> TASK OBJECTIVE: Please copy the data below exactly; none of the pictures in it belong in the copy.

> COLLECTED DATA:
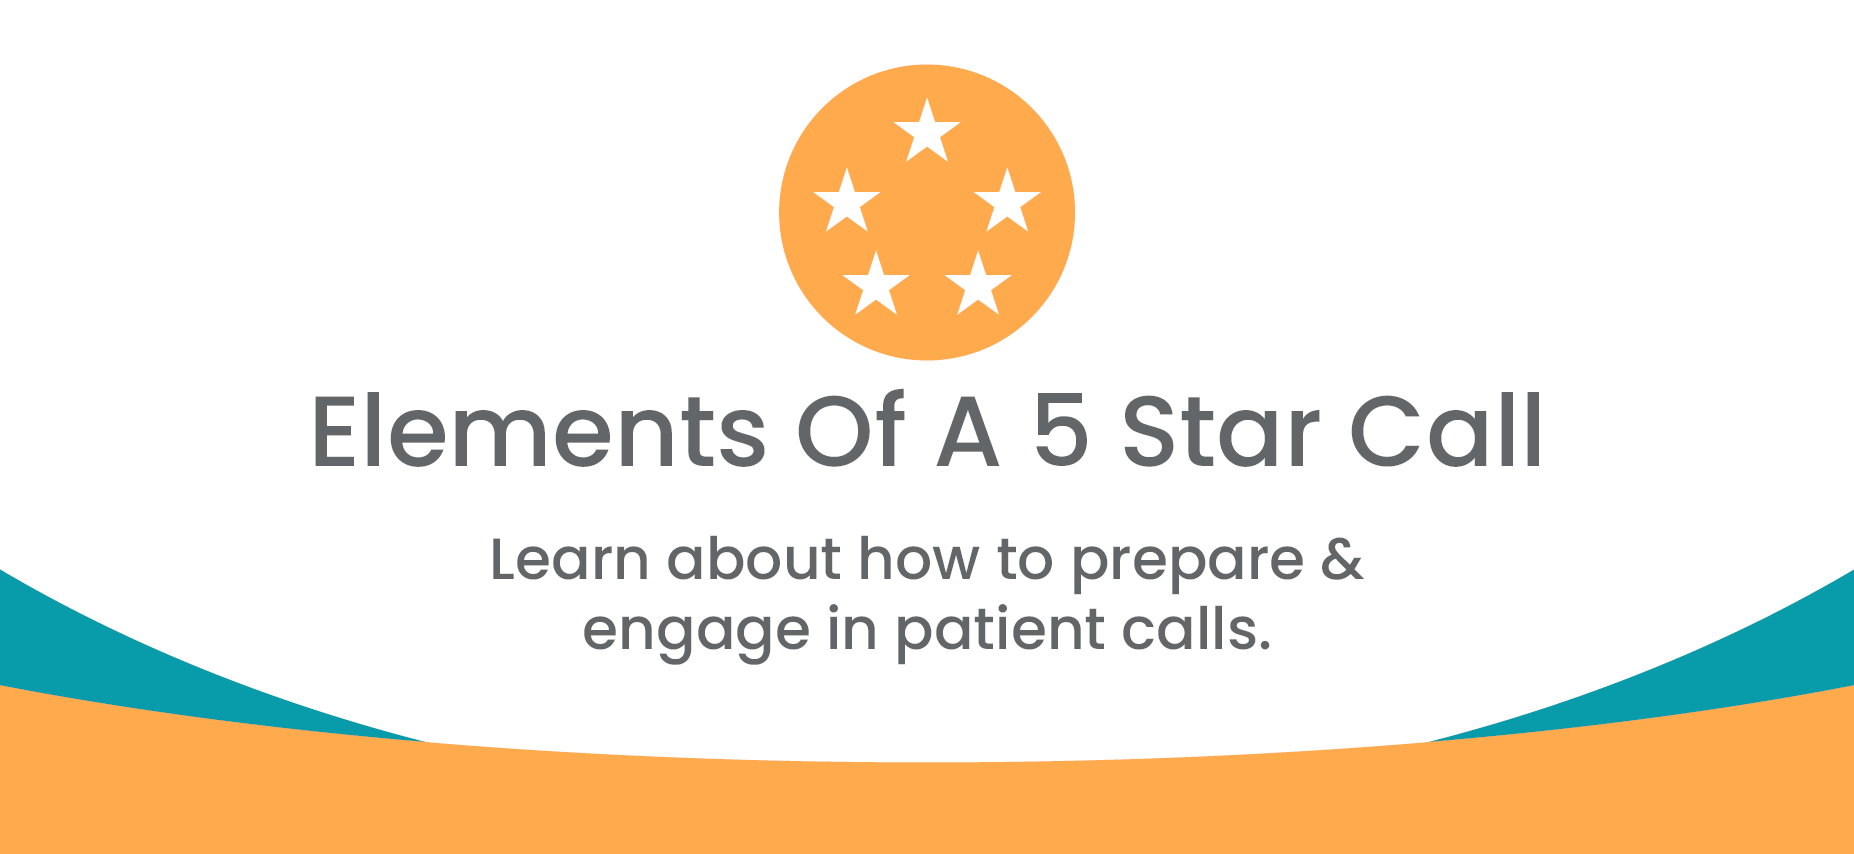 Elements of a 5 Star Call
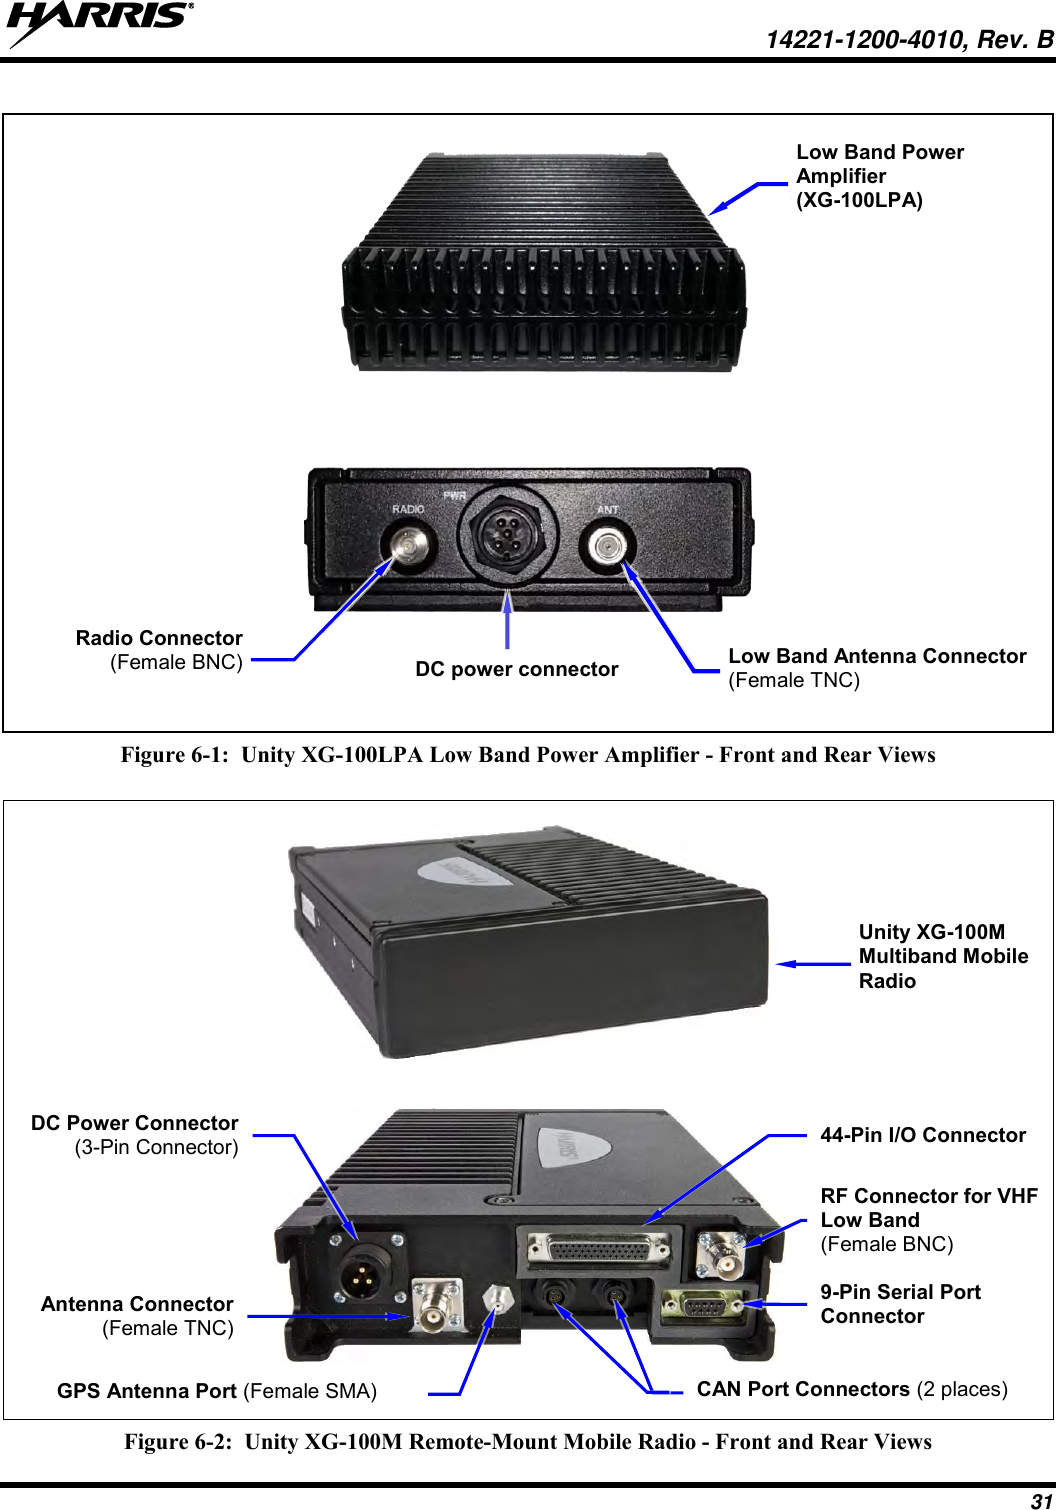   14221-1200-4010, Rev. B 31    Figure 6-1:  Unity XG-100LPA Low Band Power Amplifier - Front and Rear Views    Figure 6-2:  Unity XG-100M Remote-Mount Mobile Radio - Front and Rear Views CAN Port Connectors (2 places) Antenna Connector (Female TNC) DC Power Connector (3-Pin Connector) GPS Antenna Port (Female SMA) 44-Pin I/O Connector 9-Pin Serial Port Connector RF Connector for VHF Low Band (Female BNC)  Low Band Power Amplifier  (XG-100LPA)  Radio Connector (Female BNC) Low Band Antenna Connector (Female TNC)  DC power connector Unity XG-100M Multiband Mobile Radio 
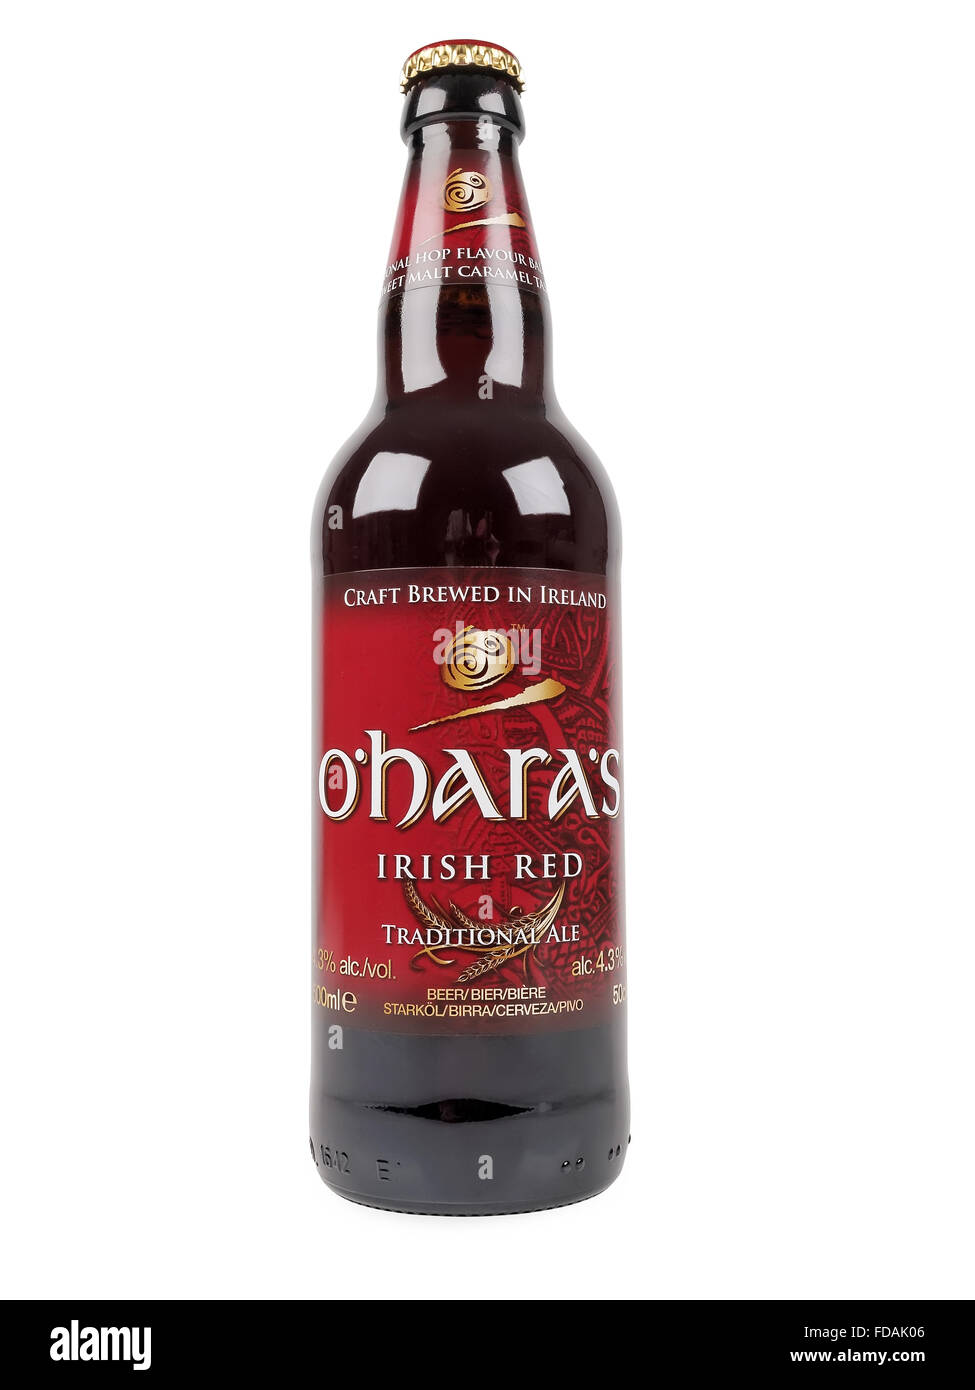 O'Hara's Irish Red is a Irish Red Ale style beer brewed by Carlow Brewing Company in County Ca Stock Photo
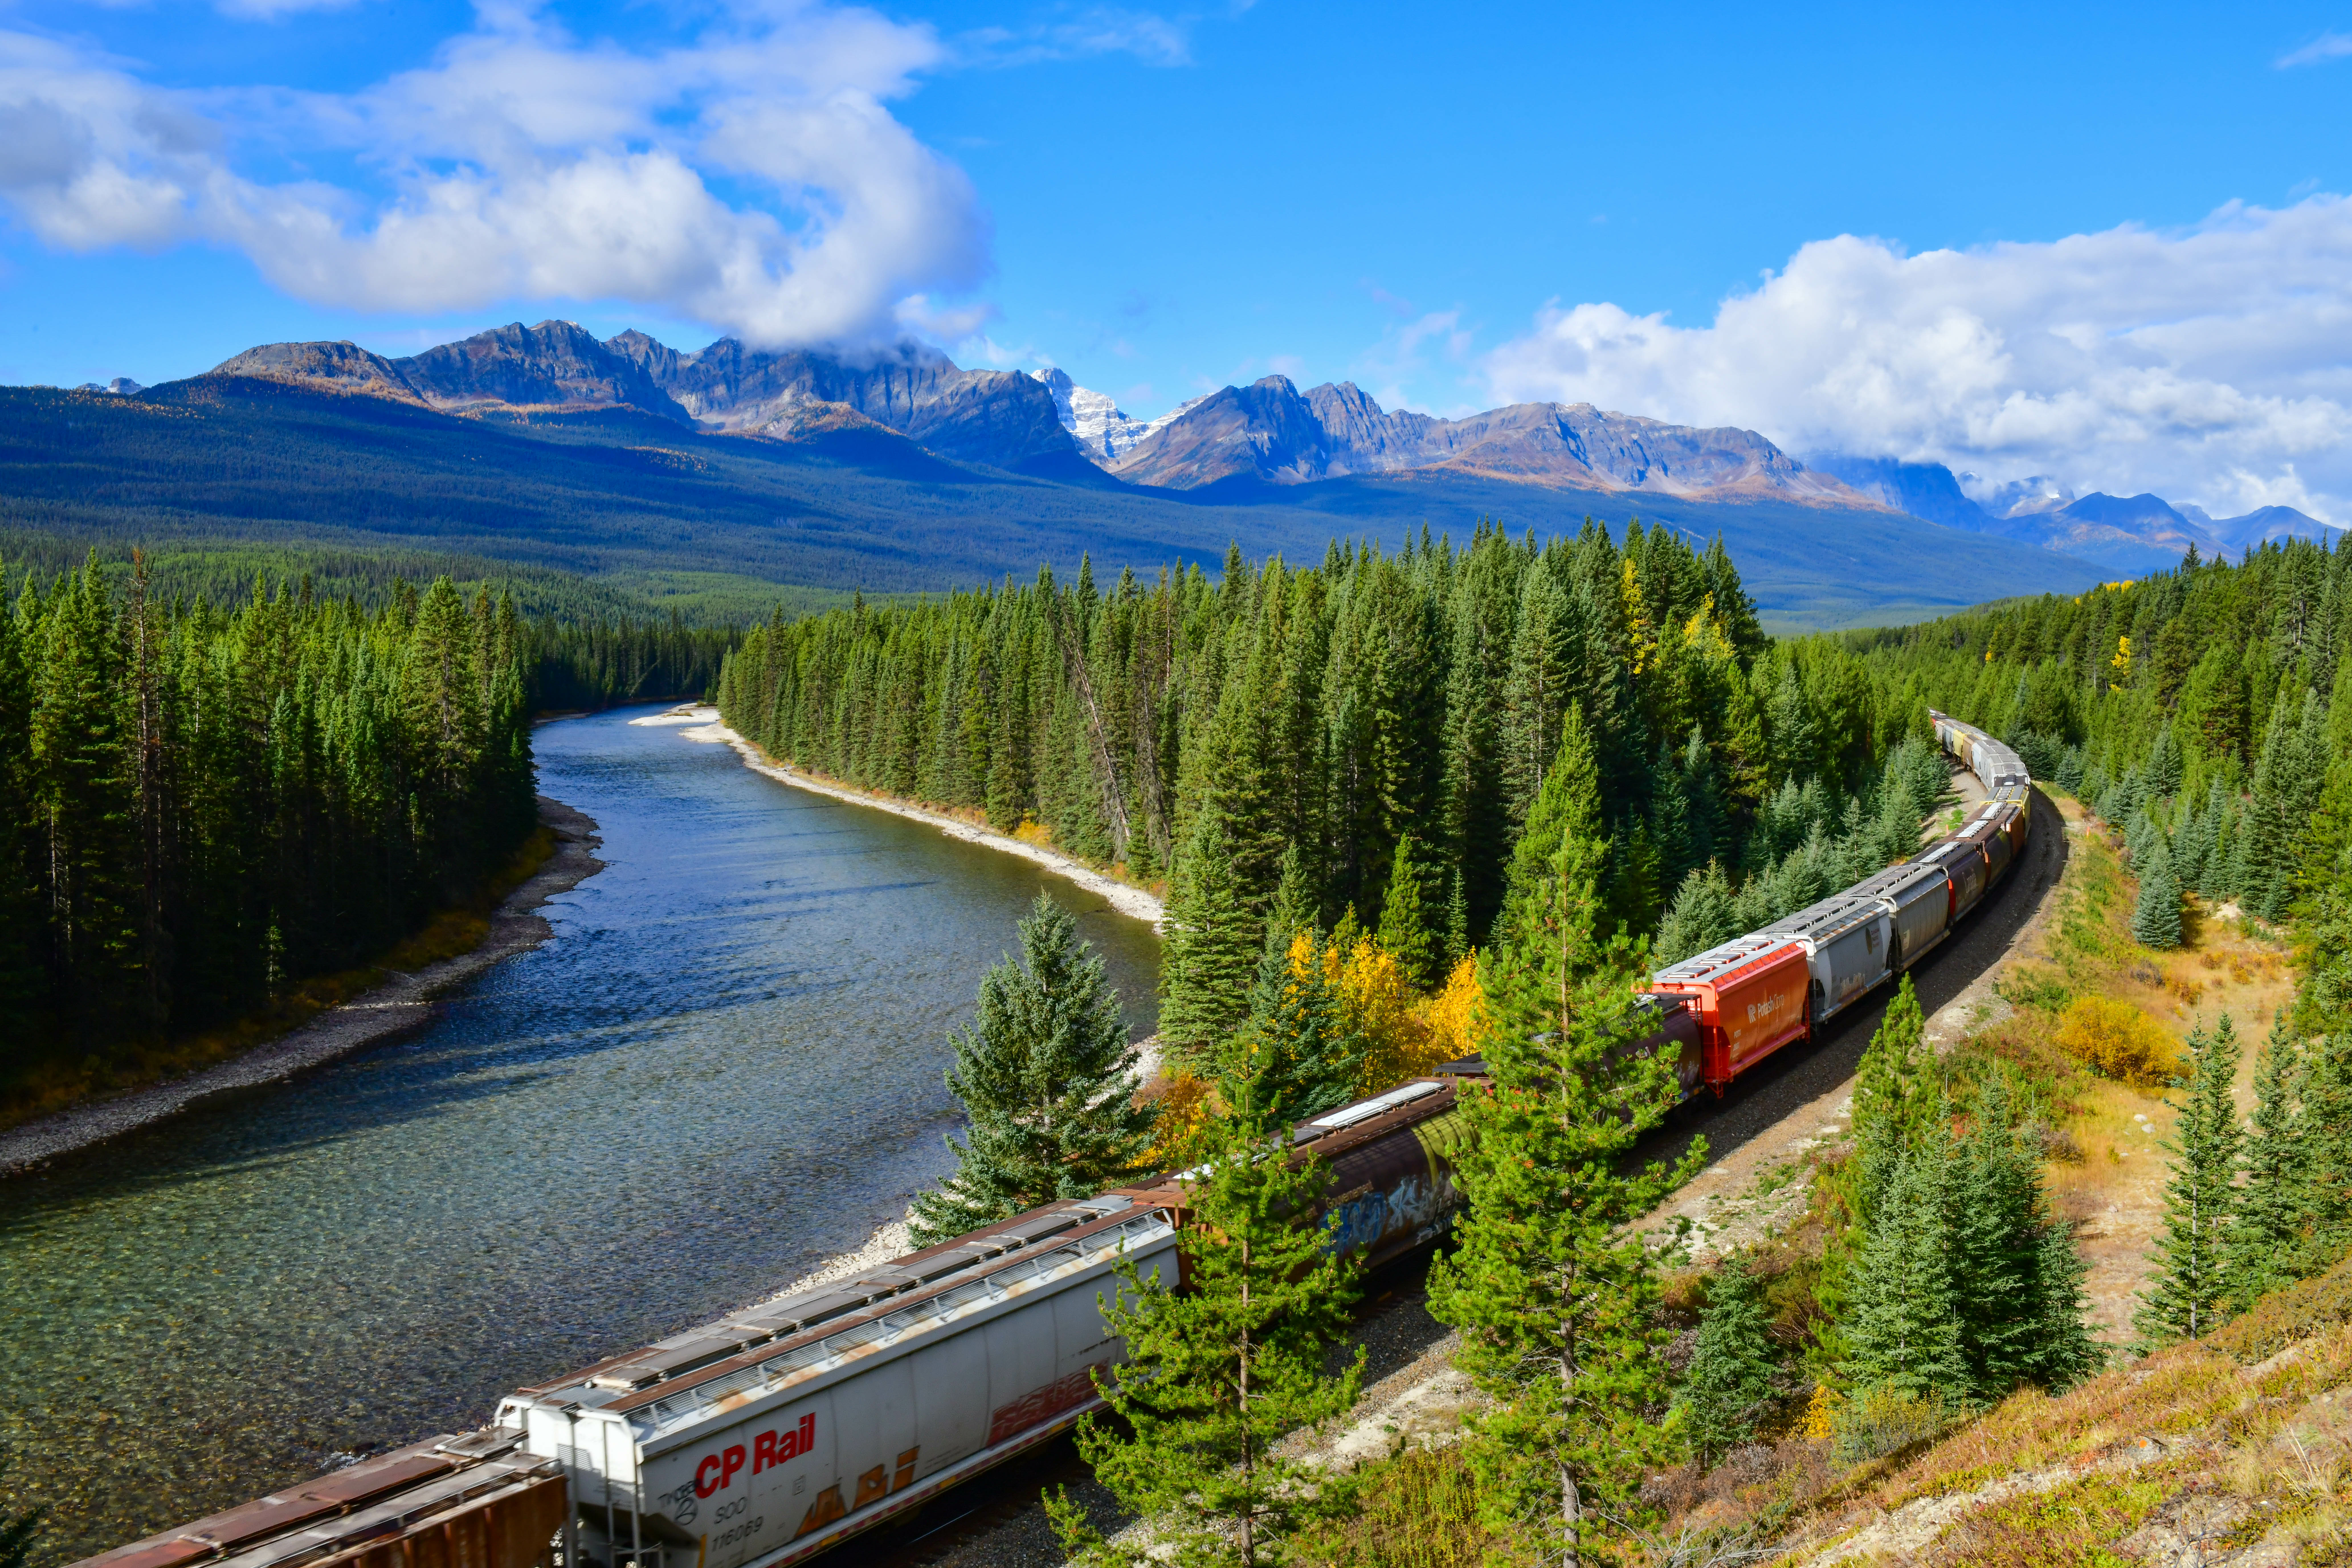 CP Rail train moving through Alberta Rockies, through forest with river beside and mountains in the background.

> COMPLETED TASK:
 Elements of a 5 Star Call
   14221-1200-4010, Rev. B 31    Figure 6-1:  Unity XG-100LPA Low Band Power Amplifier - Front and Rear Views    Figure 6-2:  Unity XG-100M Remote-Mount Mobile Radio - Front and Rear Views CAN Port Connectors (2 places) Antenna Connector (Female TNC) DC Power Connector (3-Pin Connector) GPS Antenna Port (Female SMA) 44-Pin I/O Connector 9-Pin Serial Port Connector RF Connector for VHF Low Band (Female BNC)  Low Band Power Amplifier  (XG-100LPA)  Radio Connector (Female BNC) Low Band Antenna Connector (Female TNC)  DC power connector Unity XG-100M Multiband Mobile Radio 
 O'Hara's Irish Red is a Irish Red Ale style beer brewed by Carlow Brewing Company in County Ca Stock Photo
 CP Rail train moving through Alberta Rockies, through forest with river beside and mountains in the background.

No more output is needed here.